Con dos ojeras como alfombras mohosas
extendidas, la madrugada del 13 de agosto de 1836, la Regente, más coaccionada
por la intimidación militar y por el contagio progresista, cual infección
vírica, de sus generales que convencida por los modos, firmó el Decreto de
restitución de la Constitución de 1812 con miras a alcanzar una reforma o
elaborar un nuevo texto. Ya abierto el día, compuesta del susto y con el
desayuno atragantado por un nudo en la garganta, siguió dando coba al
progresismo con el nombramiento de José María Calatrava como Presidente del
Consejo de Ministros, bien custodiado por la alargada sombra de Juan Álvarez de
Mendizábal —literal, lo de alargada, pues su altura era tal que se le otorgó el
sobrenombre de Juan y Medio—, embozado por el ardid del Ministerio de
Hacienda.
Lo
del texto constitucional era cuestión a resolver por vía sumarísima. Urgía
calmar las tensiones y buscar el apoyo de la testaruda facción moderada, que,
en aras de no dejar escapar la mejor ocasión para los peticionarios, chinchaba
por lo bajini. Y por lo altini. Plantearlo como un proceso de reforma era sólo
un trámite, y el resultado de una Cortes Constituyentes de pega fue una nueva
redacción: la Constitución de 1837.
La
vocación consensual de su nacimiento acabaría convirtiéndose en su perdición.

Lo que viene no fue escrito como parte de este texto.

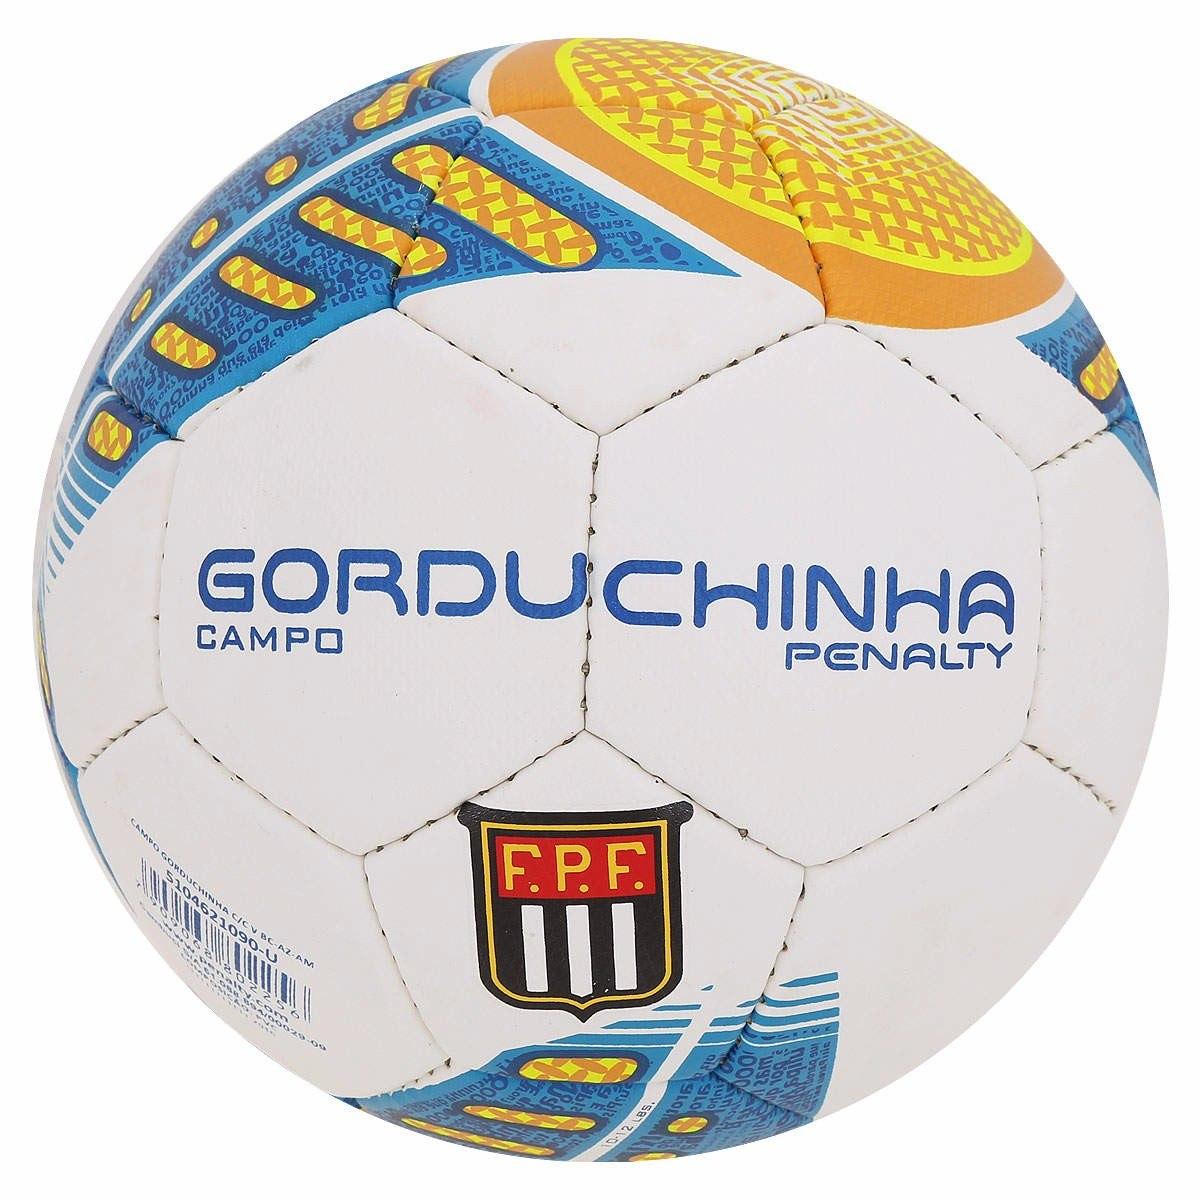 bola futebol campo penalty gorduchinha costurada. Carregando zoom. 939e8de5fa53e

La soberanía nacional se redujo a una declaración de intenciones, al incluirla
en el Preámbulo, fuera del articulado —los moderados eran partidarios de la
soberanía compartida—; se mantenía el bicameralismo de las Cortes; la Corona
conservaba amplias facultades, manteniendo su estatus los restantes poderes;
los territorios de Ultramar quedaban reducidos a una miserable delegación
legislativa —el desapego, el desarraigo, el olvido, el descontento, las
protestas y las exhibiciones independentistas empezaban a ser preocupantes, con
razón, por el maltrato de la capital de las Españas—; aunque, ciertamente,
introdujo por vez primera en nuestro constitucionalismo una distinguible
estructuración de doble bloque en la regulación dogmática y orgánica, de
consuno con un catálogo estrictamente jurídico de los derechos fundamentales.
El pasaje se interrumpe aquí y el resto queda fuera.